#### PROVIDED MATERIAL
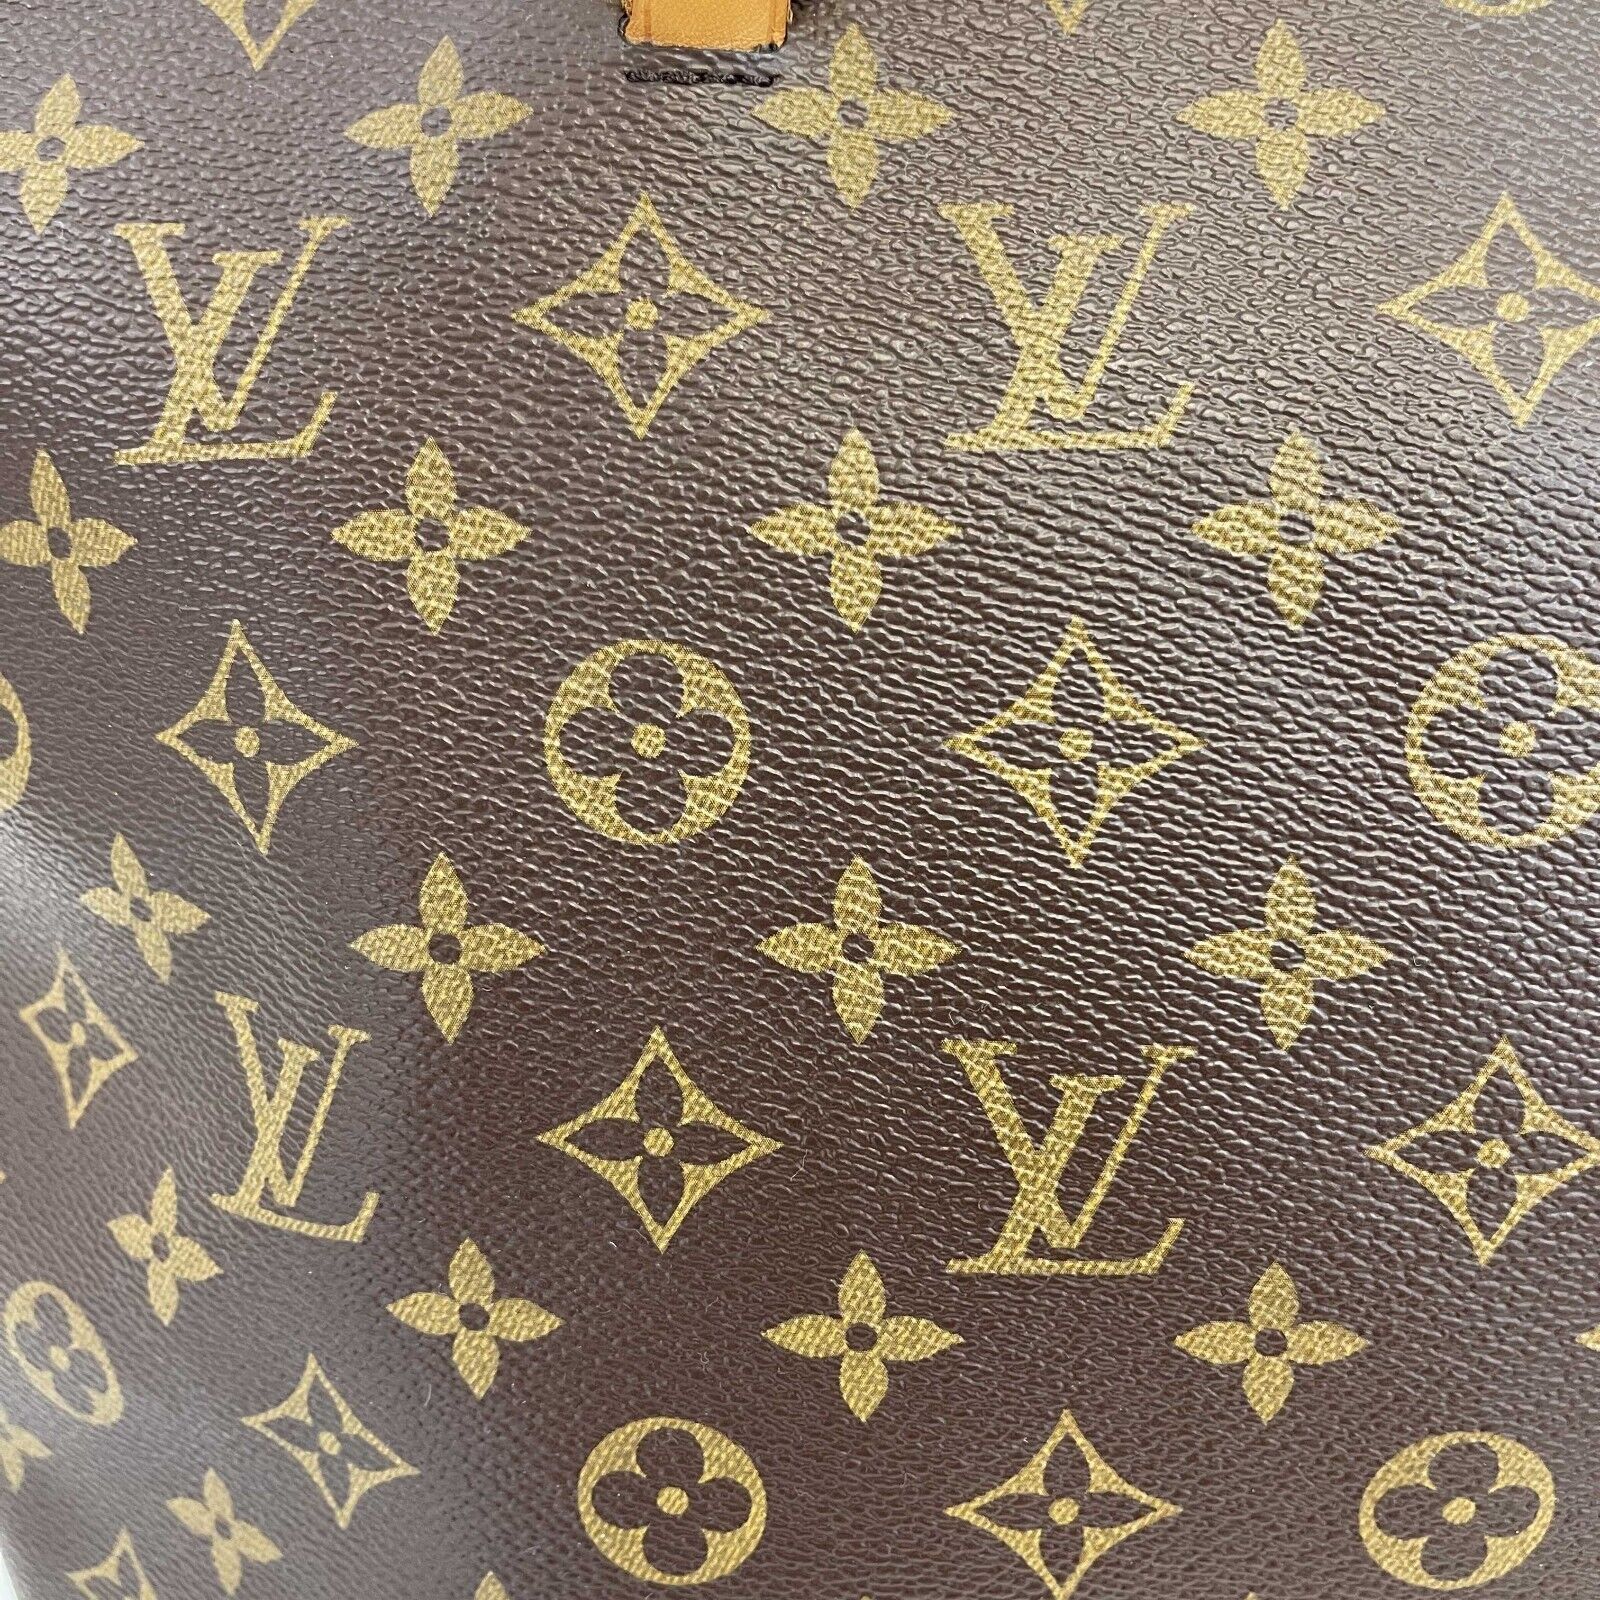 Louis Vuitton - Monogram Canvas Lena mm Tote - Brown Shoulder Bag
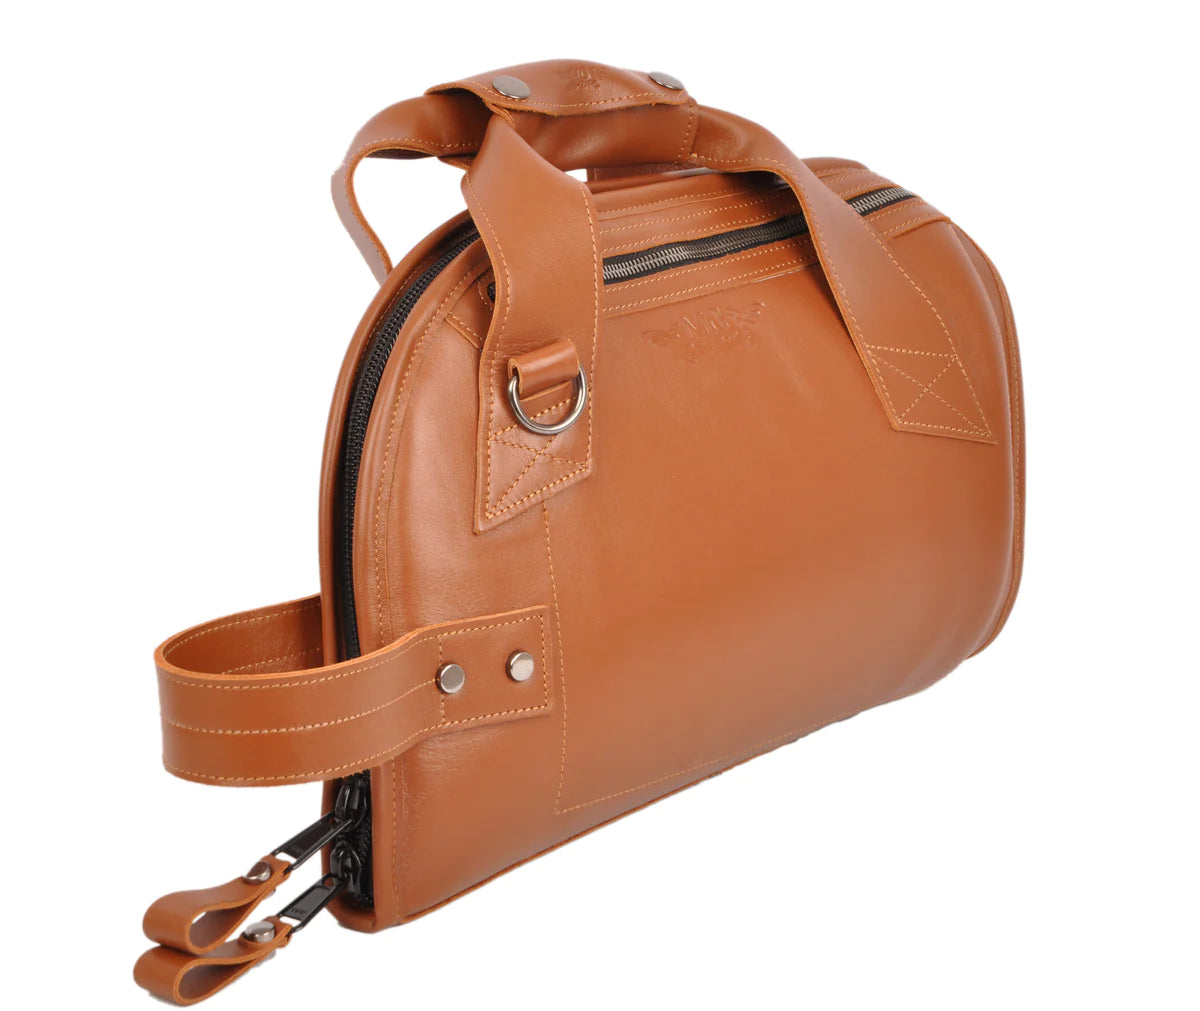 MG Leather Work - Pocket Trumpet Leather Gig Bag
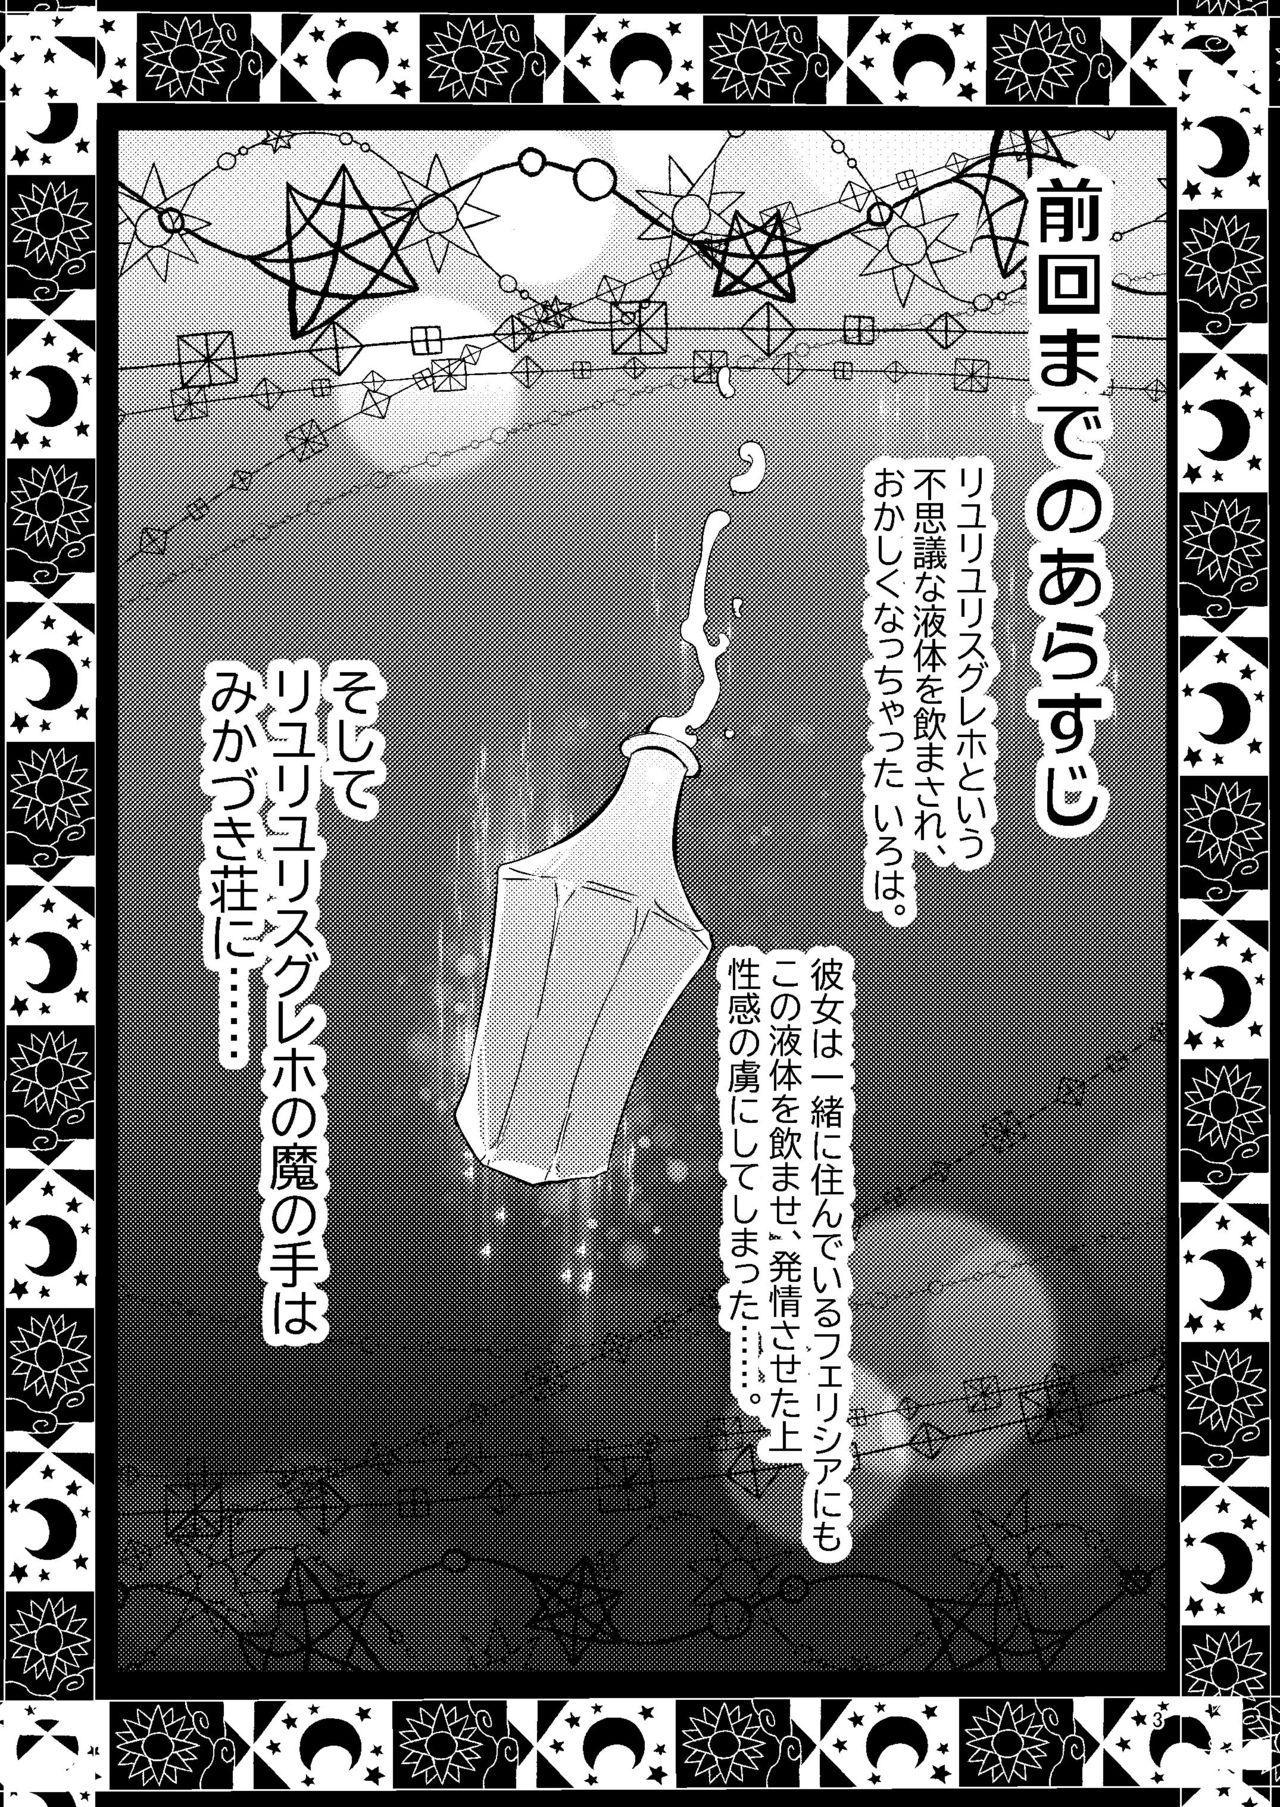 Big Black Dick Riyuriyu Risugureho no Uwasa 3 - Puella magi madoka magica side story magia record Arrecha - Page 2

#### EXERCISE GOAL
Exclude every picture and copy the remaining data exactly.

#### ANSWER TO THE PROBLEM
 Louis Vuitton - Monogram Canvas Lena mm Tote - Brown Shoulder Bag
 MG Leather Work - Pocket Trumpet Leather Gig Bag
 Big Black Dick Riyuriyu Risugureho no Uwasa 3 - Puella magi madoka magica side story magia record Arrecha - Page 2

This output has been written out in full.